Does It Take Longer To Heal When It's Your Second C-Section?
Most pregnant women go into labor anticipating a vaginal delivery. However, the unexpected can occur making it necessary for the doctor to deliver your baby via a Cesarean, or C-section. The majority of first C-sections are unplanned, occurring after several hours of active and painful labor. But, if this is not your first time around the block, you may be asking if it take longer to heal with your second C-section.
If your repeat C-section is planned, your experience will likely be completely different than if your first was an emergency. Like many moms-to-be, you probably read all the books and took all the classes during your first pregnancy. You may have learned that according to the Centers For Disease Control and Prevention, approximately 32 percent of all births are Cesarean deliveries. You were also likely told that many doctors over perform C-sections for profit or convenience, even though the World Health Organization states that there is no justification for C-section birth rates to exceed 10-15 percent.
You went into labor adamant that you were going to bring this baby into the world old fashioned way — no drugs to speed along the process, no painkillers that could slow it down. Then, for reasons beyond your control, you ended up having an emergency C-section. After all of that preparation, it is not uncommon to feel sad or guilty that your birth experience wasn't what you had hoped. Jennifer Hamm, an OBGYN at Florida Hospital in Orlando ,told Babble.com that, "it’s important for new C-section moms to be reassured that they did everything they could for their babies, and that they didn’t do anything to cause the C-section."
Emergency C-sections occur when the life of the baby or the mother is at risk or if the labor is not progressing. The surgery, plus the trauma of a long and painful labor can make for an extended recovery, both physically and emotionally.
Some women who get pregnant after their initial C-section may be candidates for a vaginal birth after Cesarean, or VBAC, but others may be recommended for a scheduled C-section. According to recent studies, subsequent surgical deliveries may be safer than VBACs. Fox News reported on a study by Australian researchers who found that of the babies born via planned repeat C-section, 0.9 percent died or had serious complications, compared to 2.4 percent of babies born via VBAC. The study also found that 0.8 percent of mothers who had a repeat C-section experienced severe bleeding compared with 2.3 percent of those who had a VBAC.
If you must go through a repeat surgical delivery, it may be comforting to know that most of the women who share their stories in online advice forums like those found on BabyCenter's message board will agree that that they recovered more quickly from their second C-section. Maria Guido, Senior Editor for Scary Mommy, wrote that recovering from her scheduled second C-section was easier than the first because she could choose the time of her surgery, there was no rushing, and the doctors and nurses were calm and moved slowly and gently.

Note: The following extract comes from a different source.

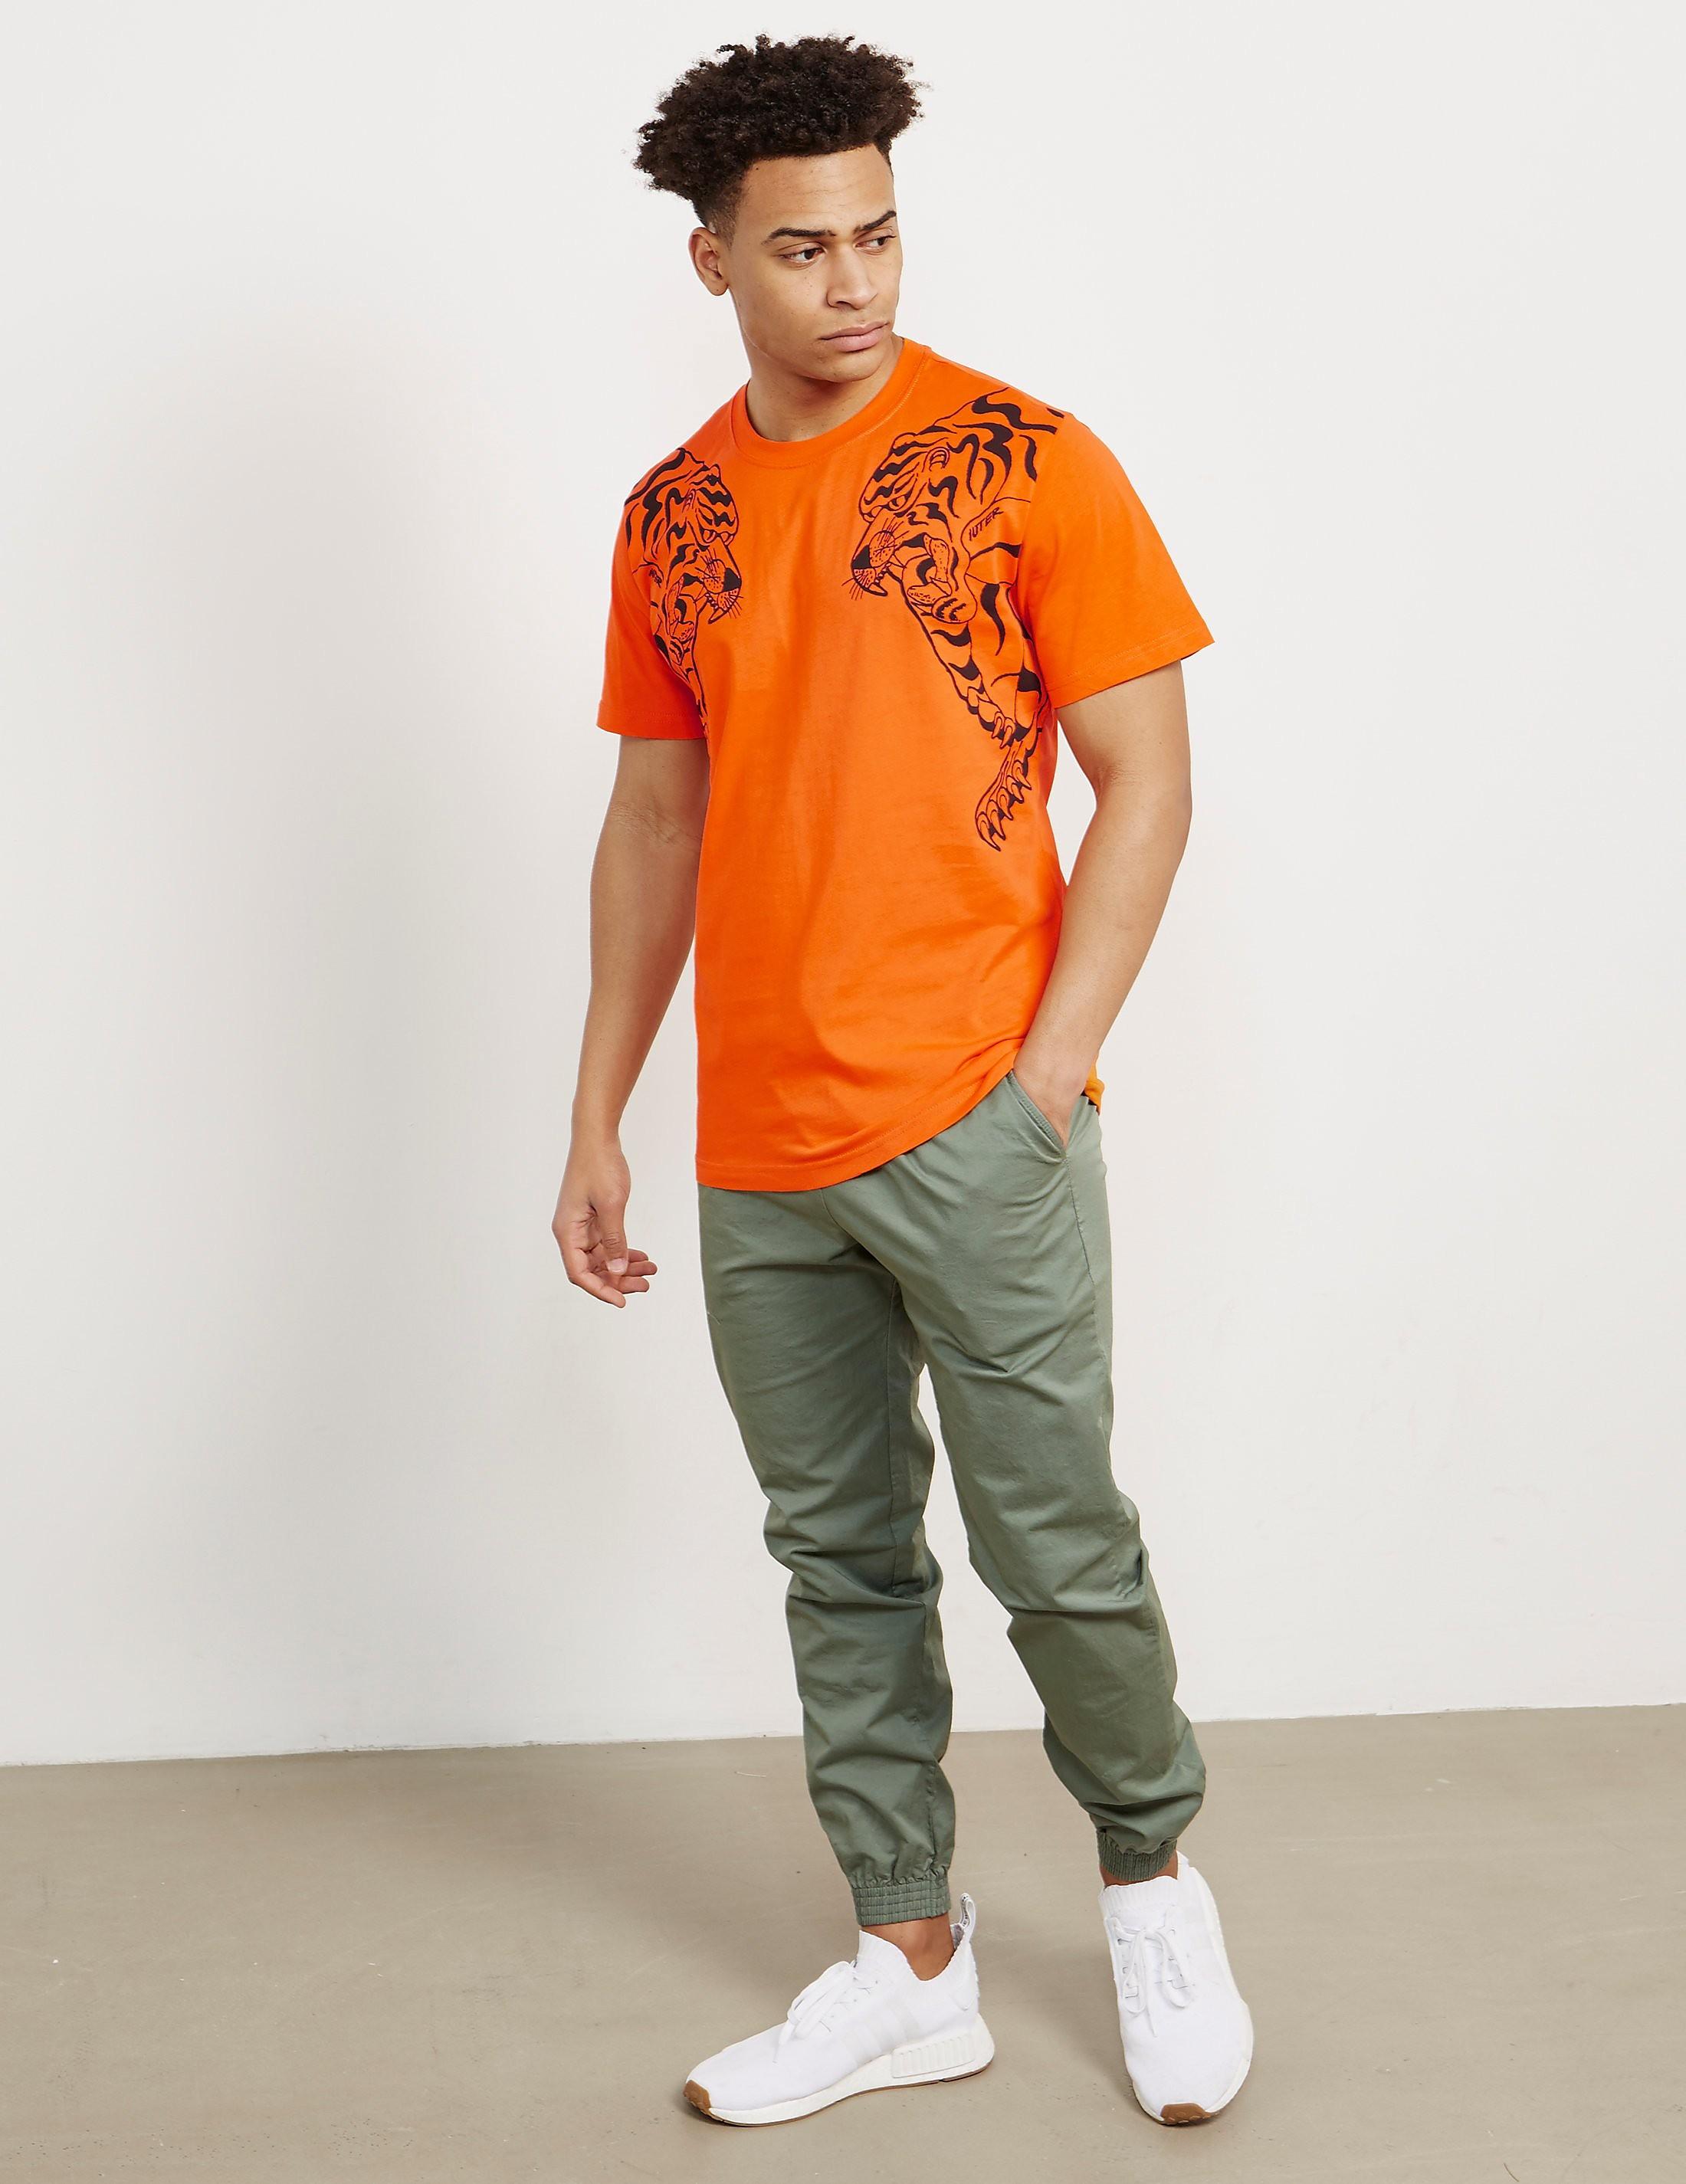 IUTER Nepal Short Sleeve T-Shirt - Exclusive
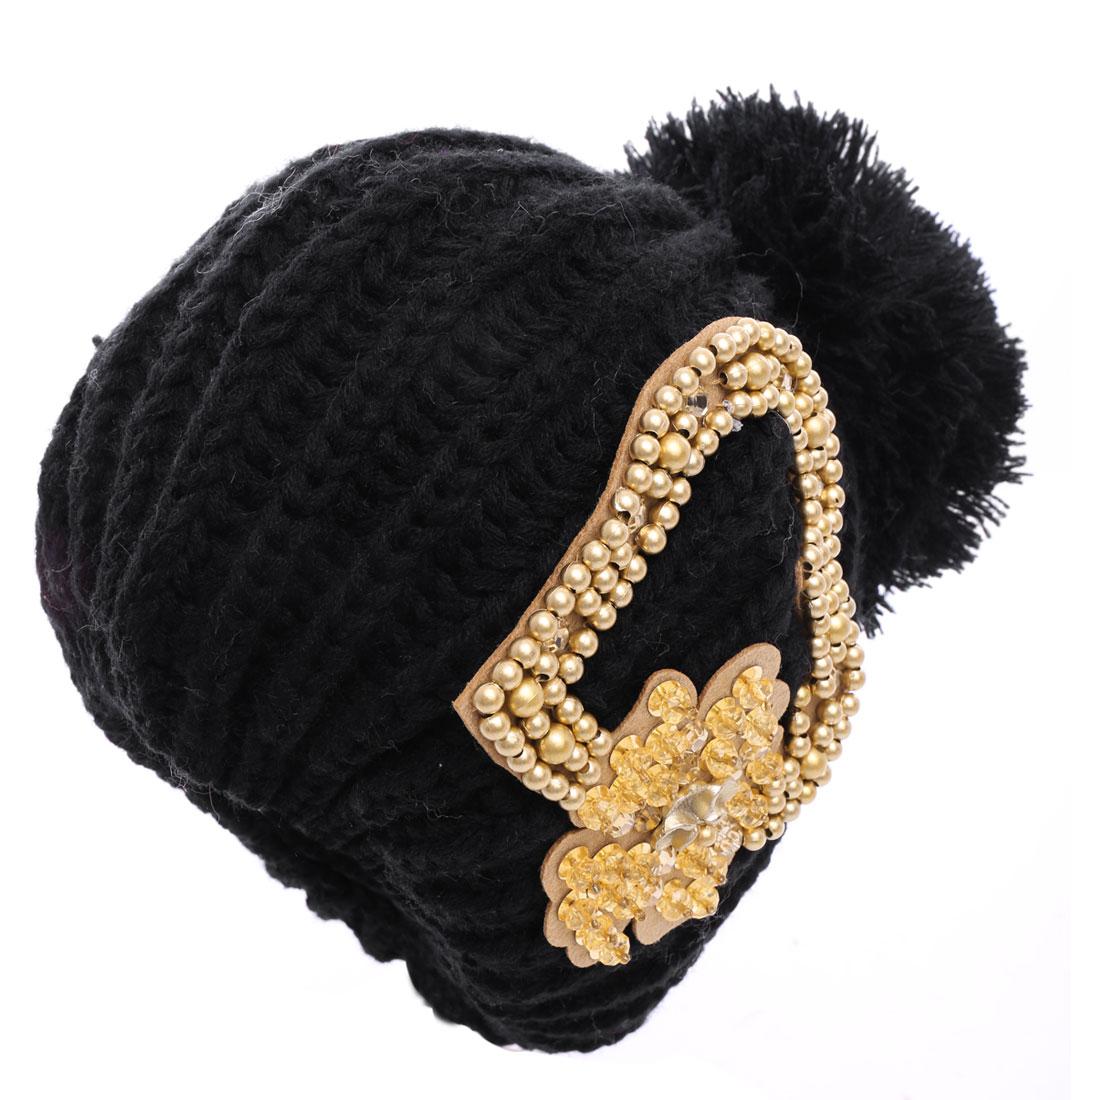 Ladies Braid Pattern Winter Wearing Knitted Beanie Hat Black

When it comes to C-section recovery times, so much has to do with your individual circumstances. Factors such as the type of anesthetic you are given, if you are having multiples, how many C-sections you have had in the past, your overall health, and how much help you have at home all play a role in your recovery. No two experiences are the same, and as always, talk to your doctor before making any important health decisions.